▸ **ACTION ITEM**
The result should be an exact copy of only the lines from the one holding "Agnes Orinda Women's" through the last line of the data below, please, without pictures.

▸ **INPUT DATA**
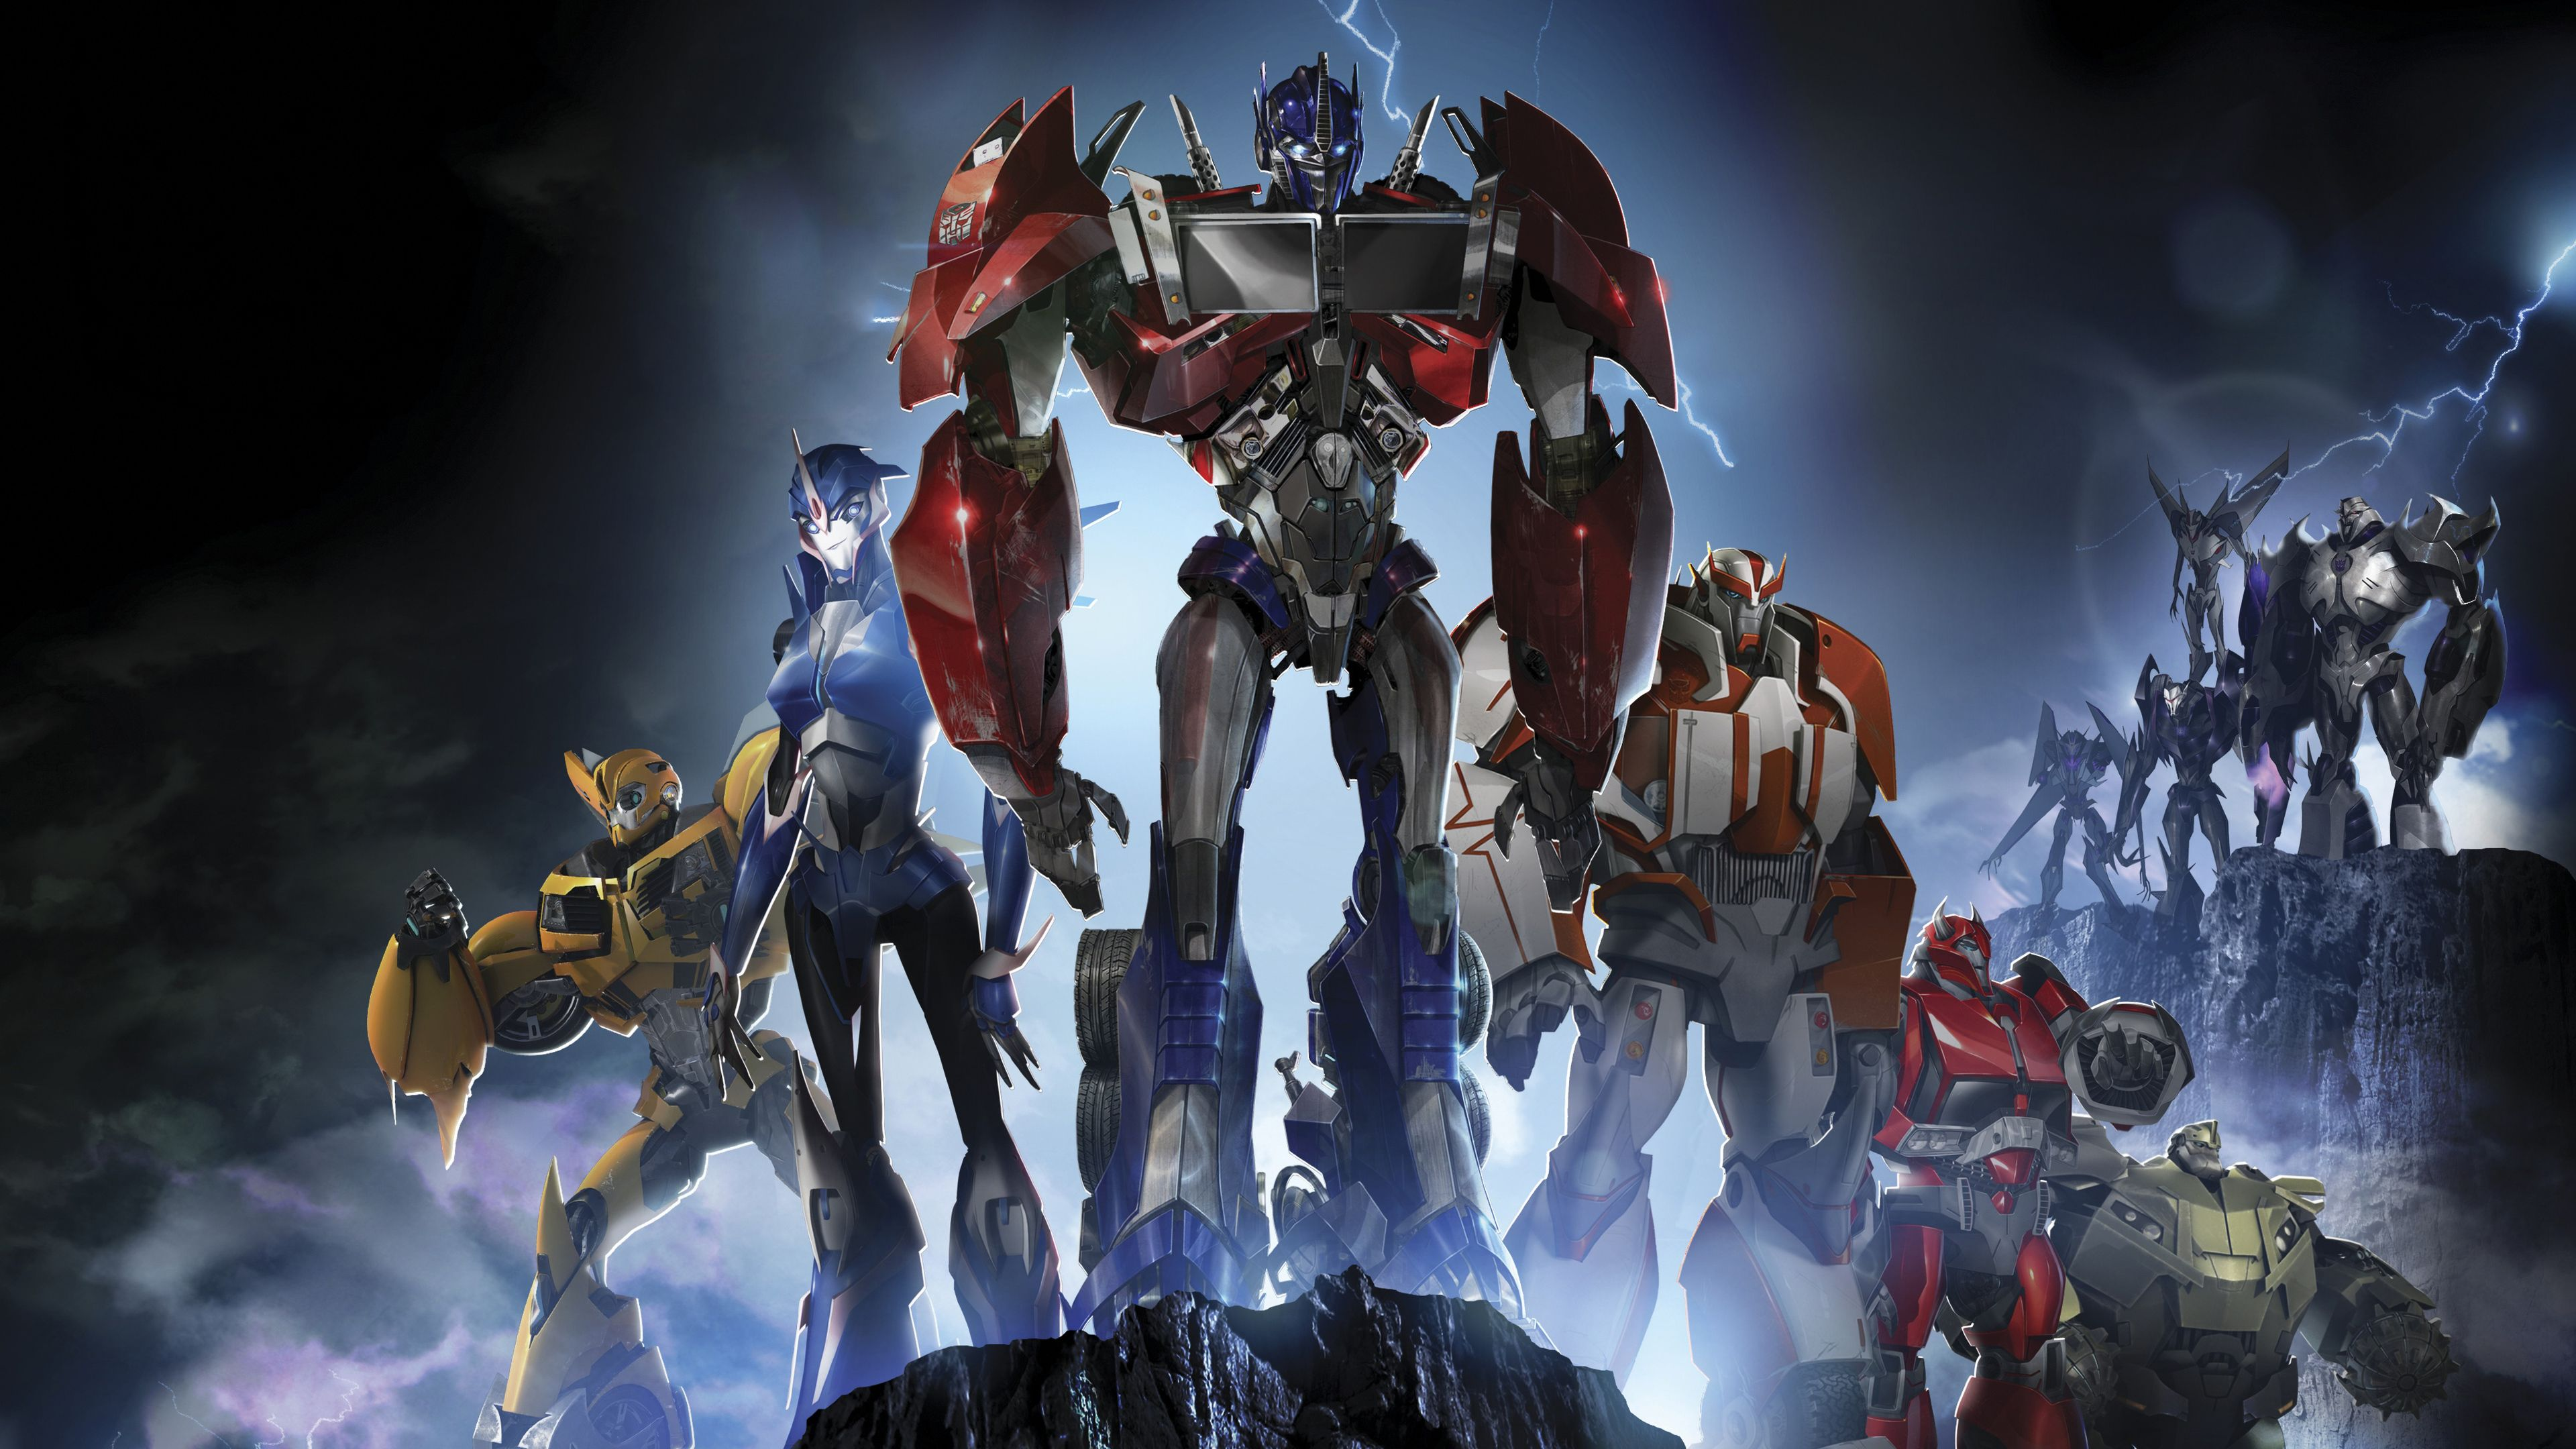 Wallpaper 4k Transformers Prime 4k 4kwallpapers, hd
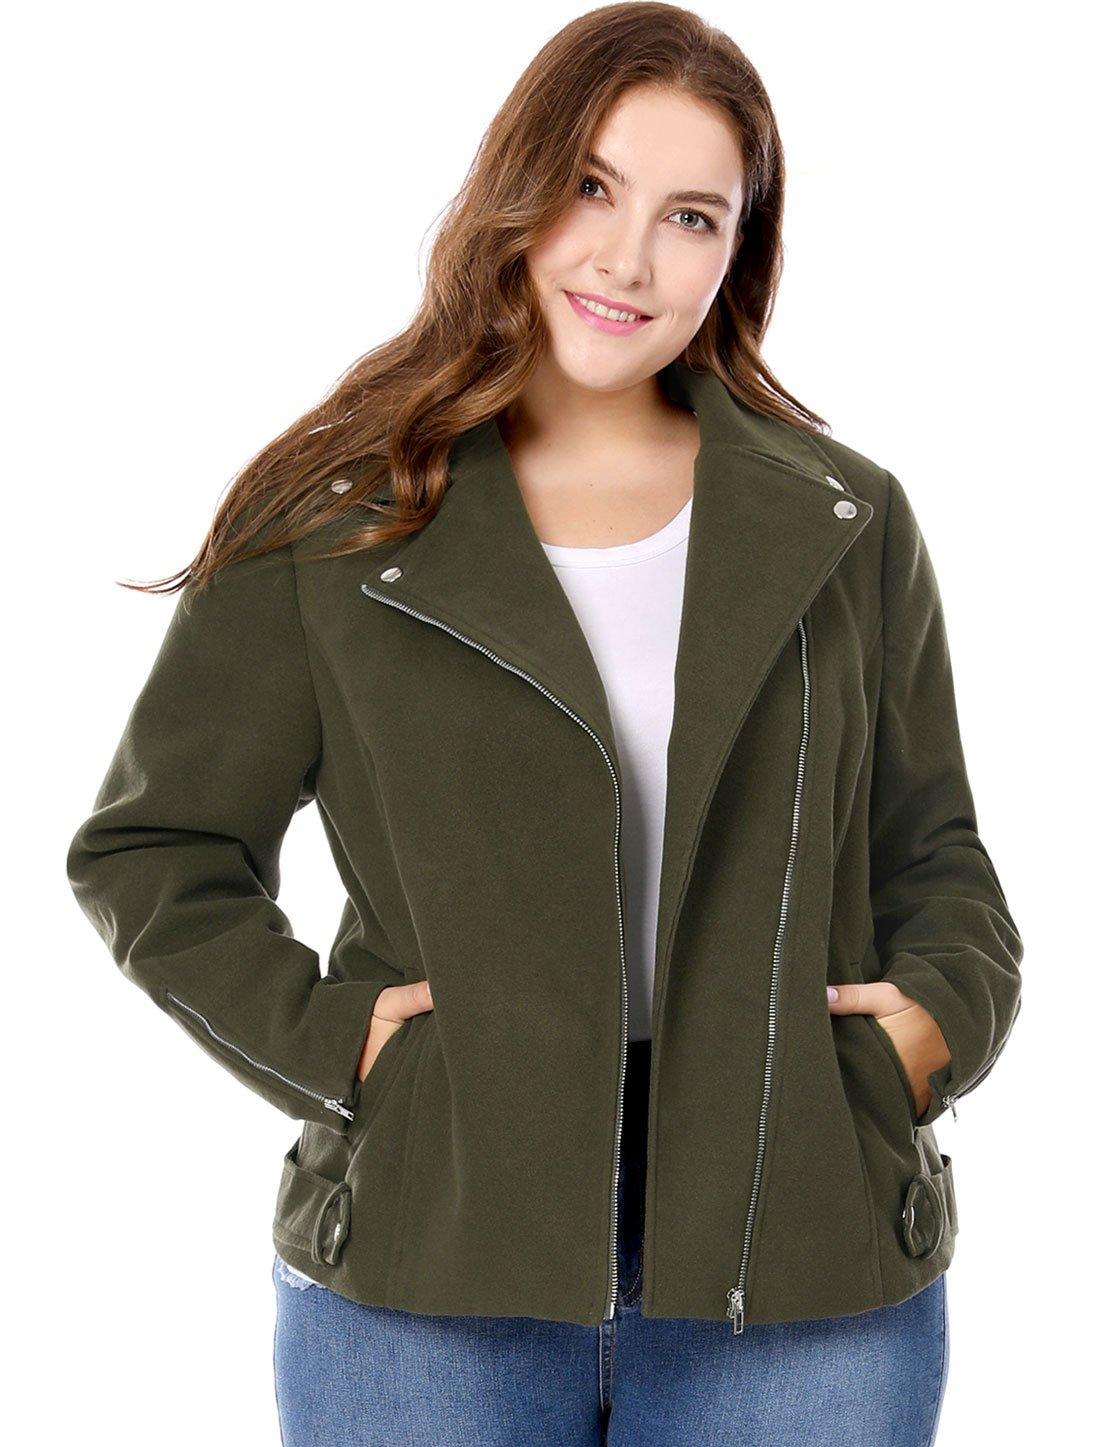 Agnes Orinda Women's Plus Size Convertible Collar Inclined Zip Closure Moto Jacket Green 1X
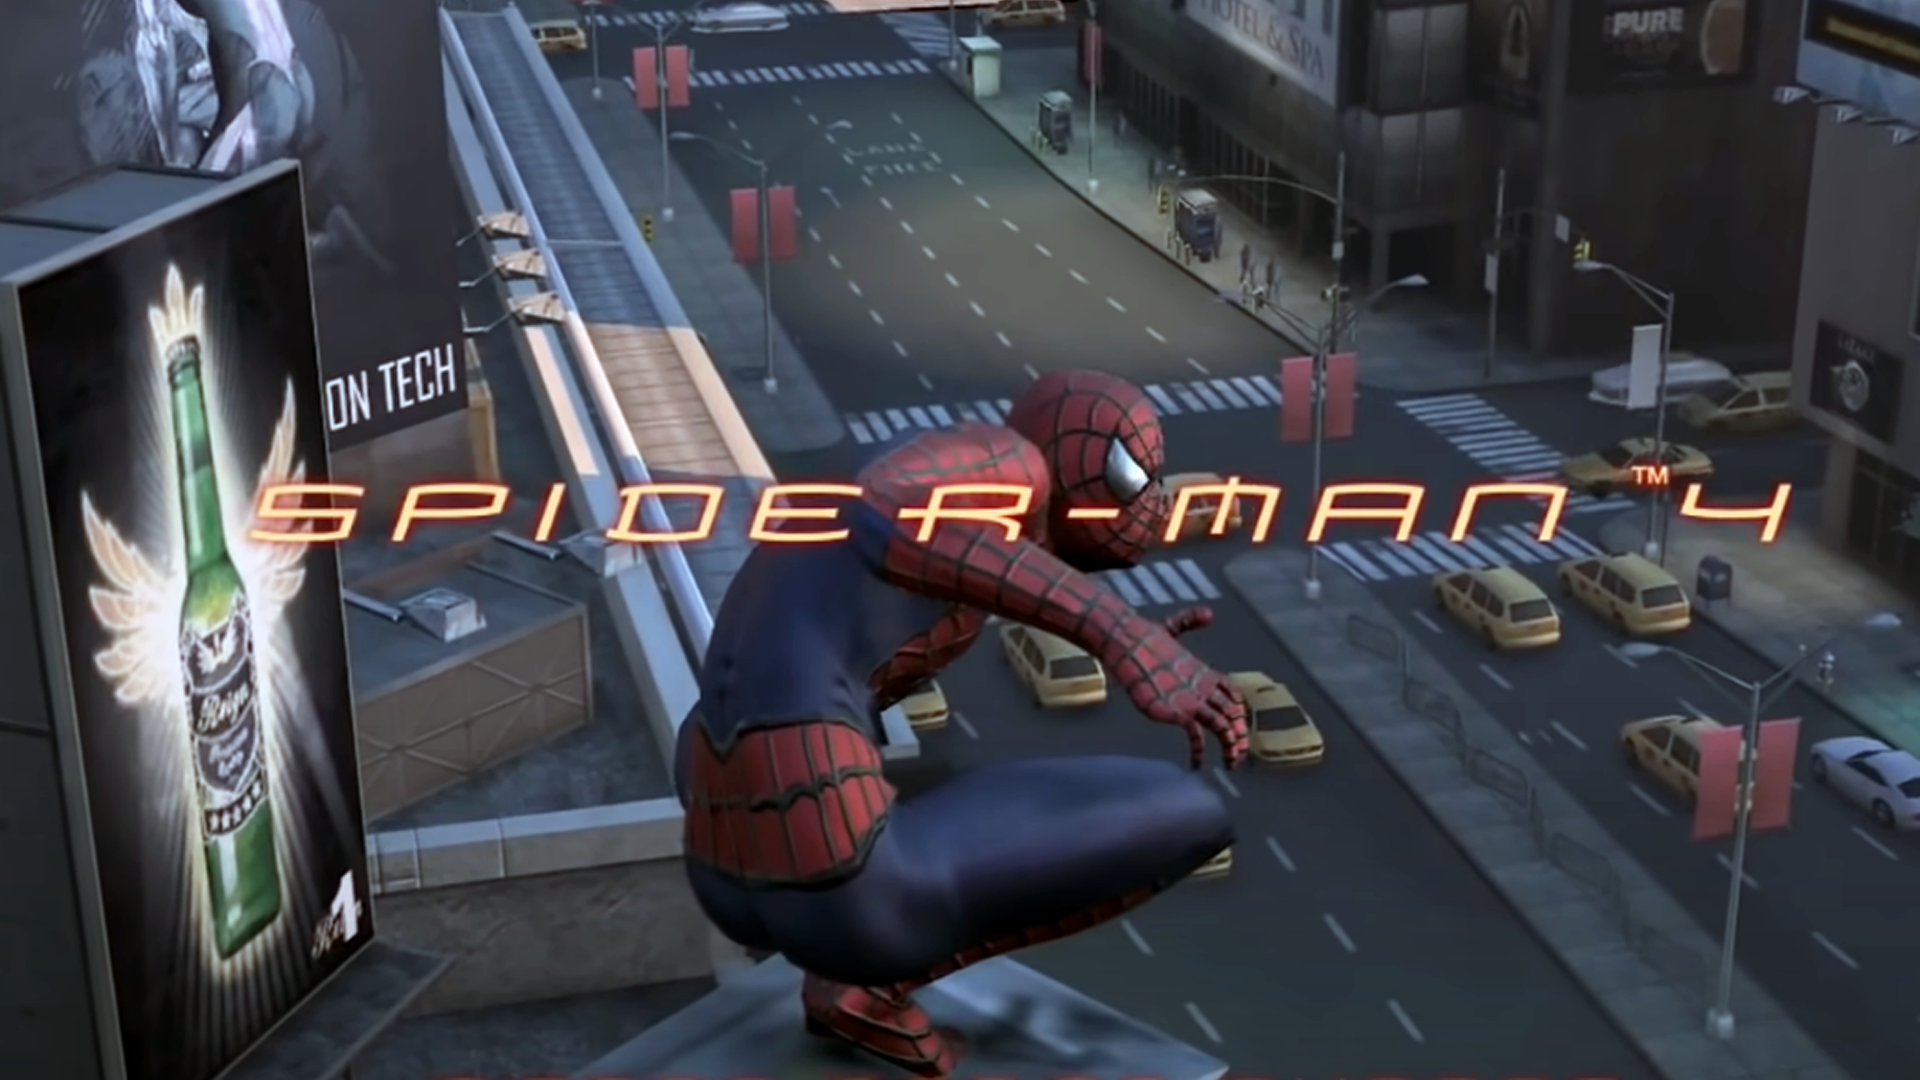 Here's the Spider-Man 4 game we should've got alongside a movie

▸ **RESULT OF THIS EXERCISE**
 Agnes Orinda Women's Plus Size Convertible Collar Inclined Zip Closure Moto Jacket Green 1X
 Here's the Spider-Man 4 game we should've got alongside a movie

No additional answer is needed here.